Now maybe you are too good, too holy, too loving and too pure in heart for any of that. But I am here to tell you that I am not too good, holy, loving or pure in heart to dream or even sometimes plot revenge and retaliation.

Psalm 109 is one of those passages in the Bible we politely and discreetly pass over to something more pleasant and appropriate for what should be Holy Scripture—things like love, forgiveness, mercy, turn the other cheek, and humility. But this psalm is a part of the Bible, and the Bible is often more realistic than we are about the trials and tribulations people encounter in life. The psalms are uniquely equipped to reveal not only God but also our human nature. Some have even said that while the rest of the Bible represents God speaking to us, the Psalms are all about our speaking to God. I would suggest that at some point in our lives, most of us have thought something like what we find in this psalm. In our deep hurt, we want justice, and the only way we can envision that justice being accomplished is through revenge and retaliation. One possible reason for this assumption on our part is because those who have abused us don’t care about what they have done. They seem untouched by the pain they have caused. We realize that they probably will never change. So, the only way to deal with their sort is to strike a mighty blow to them so they are no longer capable of being the source of evil and suffering in this world. In other words, we must seek revenge and retaliation. I would venture to say that at some time in all of our lives, we could say the words of this psalm.

Verses 2-5 make a general complaint of having been wrongly treated and receiving evil for good and hatred for love. But the key verse is verse 6. The psalmist is asking for a special prosecutor who is accustomed to dealing with horrendous evil. Find a prosecutor who is bloodthirsty, mean as a snake, and will do whatever is necessary to convict the guilty. This psalmist does not want some namby-pamby, do-gooder lawyer who has never plumbed the depths of sin, evil, and greed. He wants a cutthroat, experienced, ruthless advocate. And he wants a hanging judge. 

But the psalmist can’t wait for an investigation and trial. In verses 7-20 he presents overwhelming evidence of guilt. He wants to rush to judgment and sentencing. As Walter Brueggemann says in commenting on this psalm, “Here his imagination runs wild, commensurate with his hurt and affront. He imagines that the sentence should include not only the person of the offender, but also the family and property so that there will be no limit to the liability, just as there has apparently been no limit to the evil done. He hopes that none will extend credit or kindness. He wishes not just for punishment, but for the social annihilation of this person, his memory, his name, his future. One who acts as this one has, has no right to social existence in this community.” 
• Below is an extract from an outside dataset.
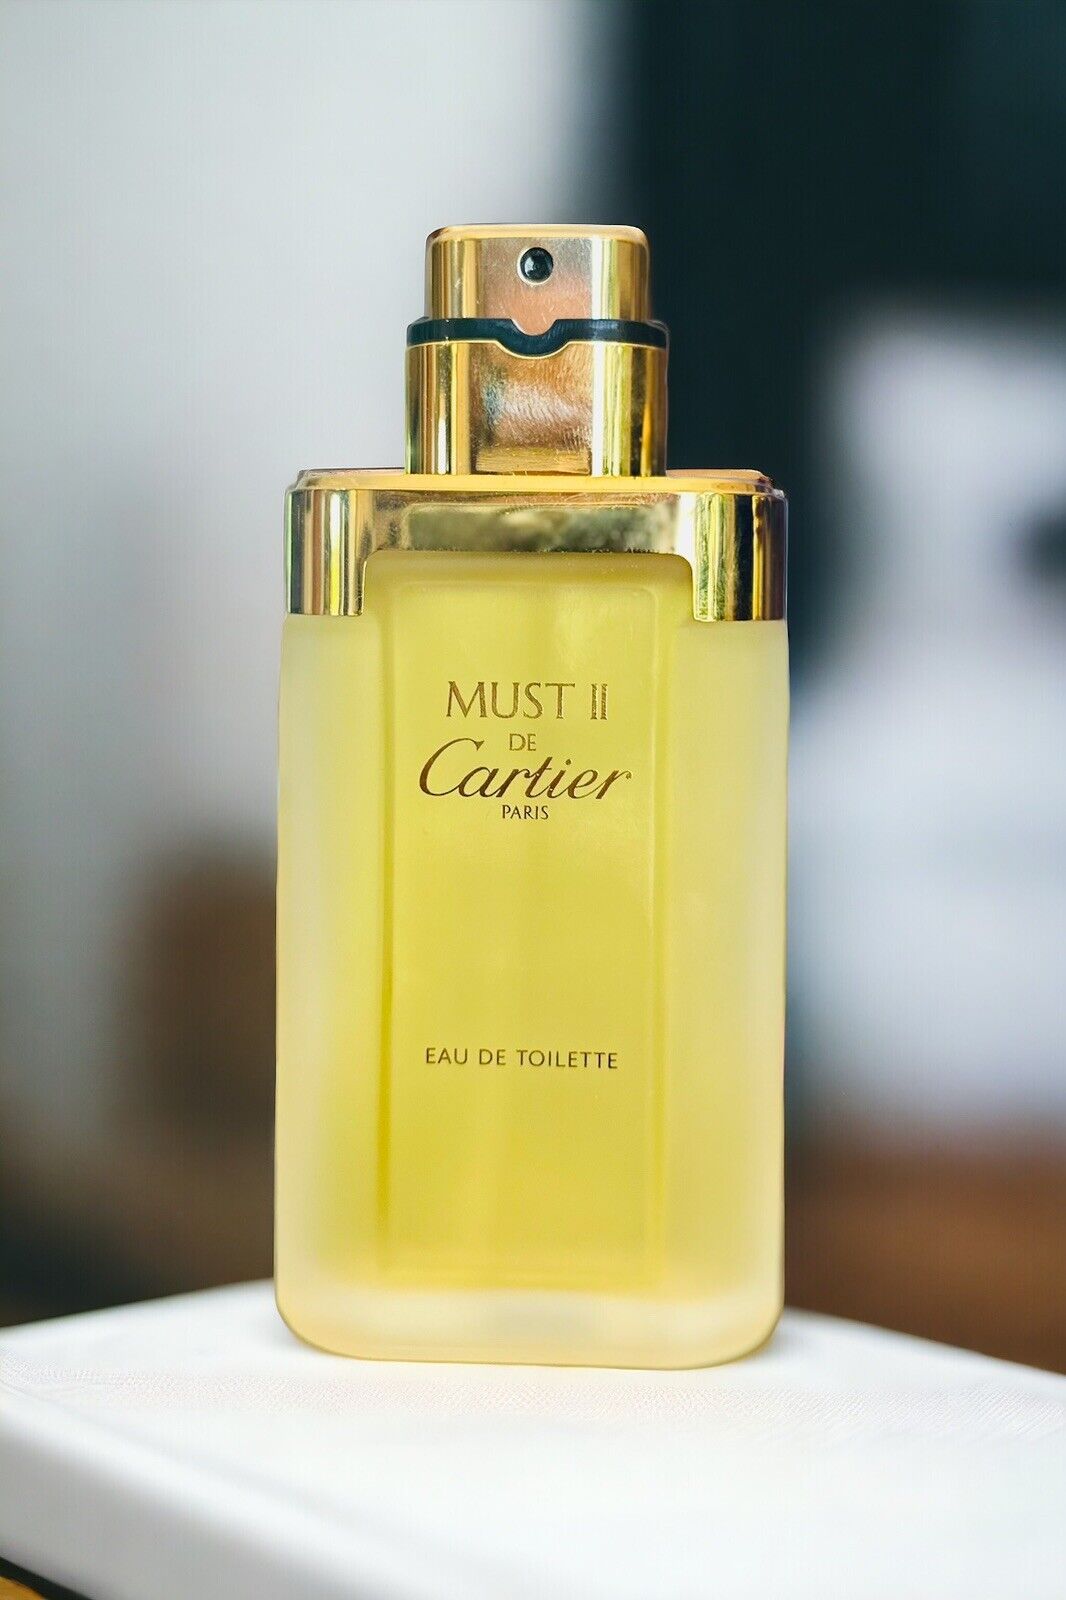 Cartier MUST II 2 DE CARTIER 3.3oz 100ml Eau de Toilette Vintage No Box No Lid

So what has this evil person done that has resulted in this tirade of curse and punishment? We are told that he has shown no kindness. He has exploited the poor and the helpless. He has cursed and not blessed. He has used opportunities to enhance and enrich himself at the expense of the vulnerable. In other words, instead of using his chance to act in ways that would give life, he has chosen to further his own self-interests at the expense of others’ well-being.

The psalmist asks that God carry out strict retribution so that the rewards to those who have been oppressed and the punishment of those who have caused others to suffer will precisely match the offence. And the psalmist anticipates that God will act by righting the wrongs and punishing the evildoer. Why does he assume God will so act? Because his God has made a covenant with Israel to bring about justice and righteousness, to protect the defenseless, and to deliver the oppressed. In verses 30-31 we even find praise, joy, thanksgiving, and deeper trust in God, for the psalmist realized that the God of Israel is his only hope. 
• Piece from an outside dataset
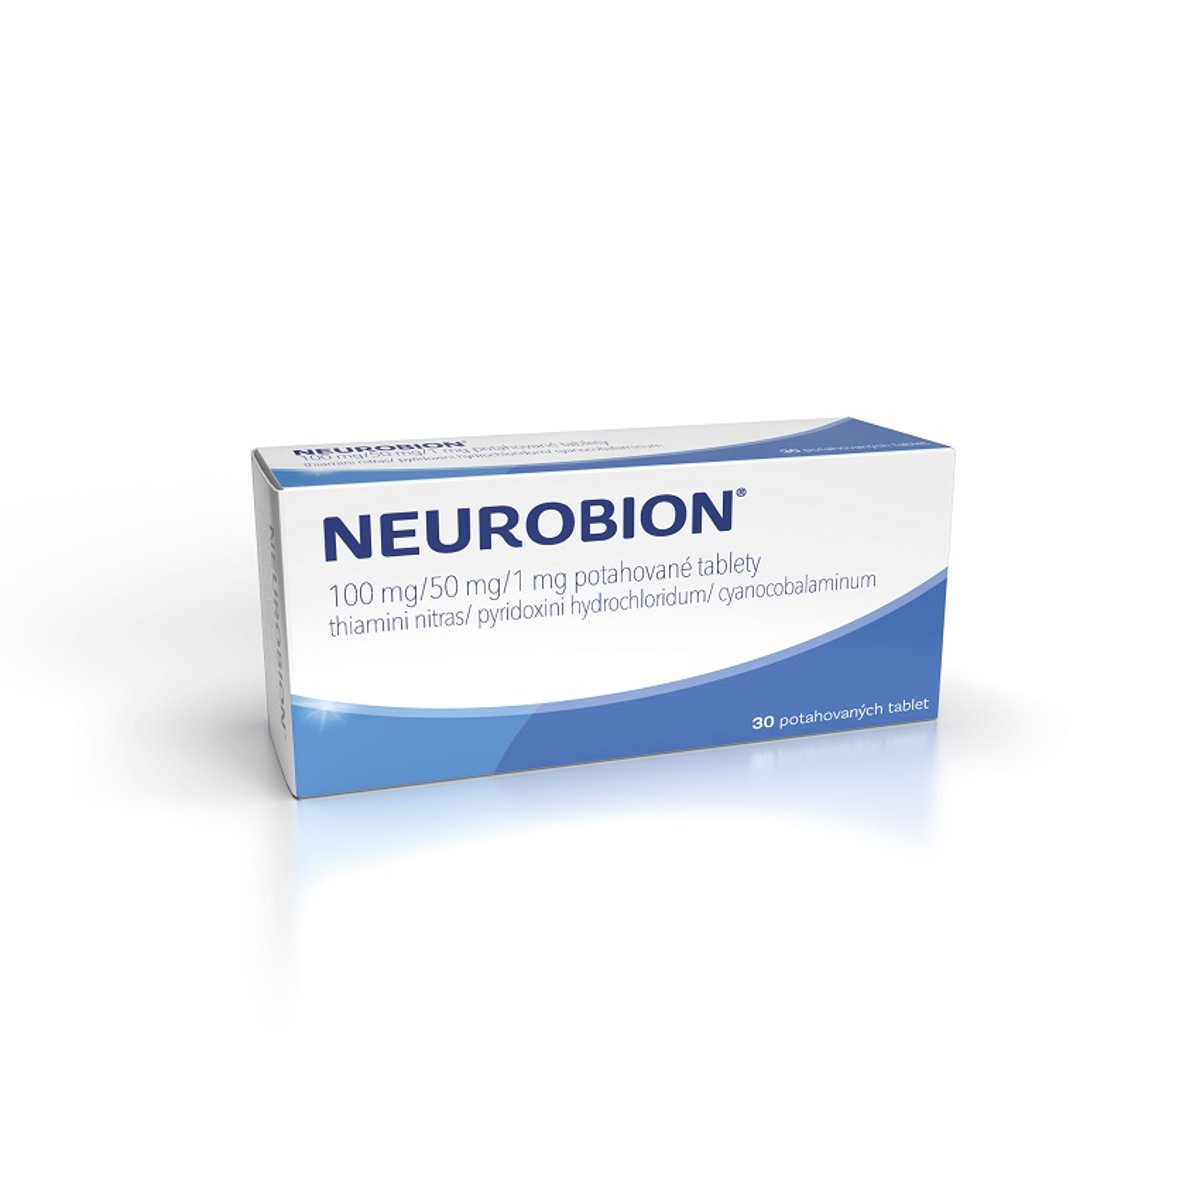 NEUROBION 100MG/50MG/1MG Potahovaná tableta 30

Let’s go back and look more deeply at this troubling psalm. First, we see rage, fury, and indignation. The pain, suffering, humiliation, degradation, and violence suffered by the psalmist are put into words; it is said out loud for all, including God, to hear. The air is cleared. The psalmist has vented. All the anger and frustration have been expressed with harsh and raw words. But once that has happened, something remarkable occurs. All that rage, anger, and frustration are brought to God and placed in God’s hands. The desire for vengeance is relinquished to the Lord. “Vengeance is mine,” says the Lord. The psalmist, for all his ranting and raving, leaves the judgment to God. And he can do so because he is confident that God takes life seriously and will act to right wrongs. God is the Lord of justice, and in the end, justice will prevail.

Brueggemann says that once the psalmist places his demand for vengeance into the hands of God, two things happen. First, that submission to God is irreversible. The psalmist can’t take it back. It now belongs to God. When God says, “Vengeance is mine” (Deuteronomy 32:35), it implies “and not yours.” The psalmist is no longer free to seek vengeance. He has turned it all over completely and finally to God. 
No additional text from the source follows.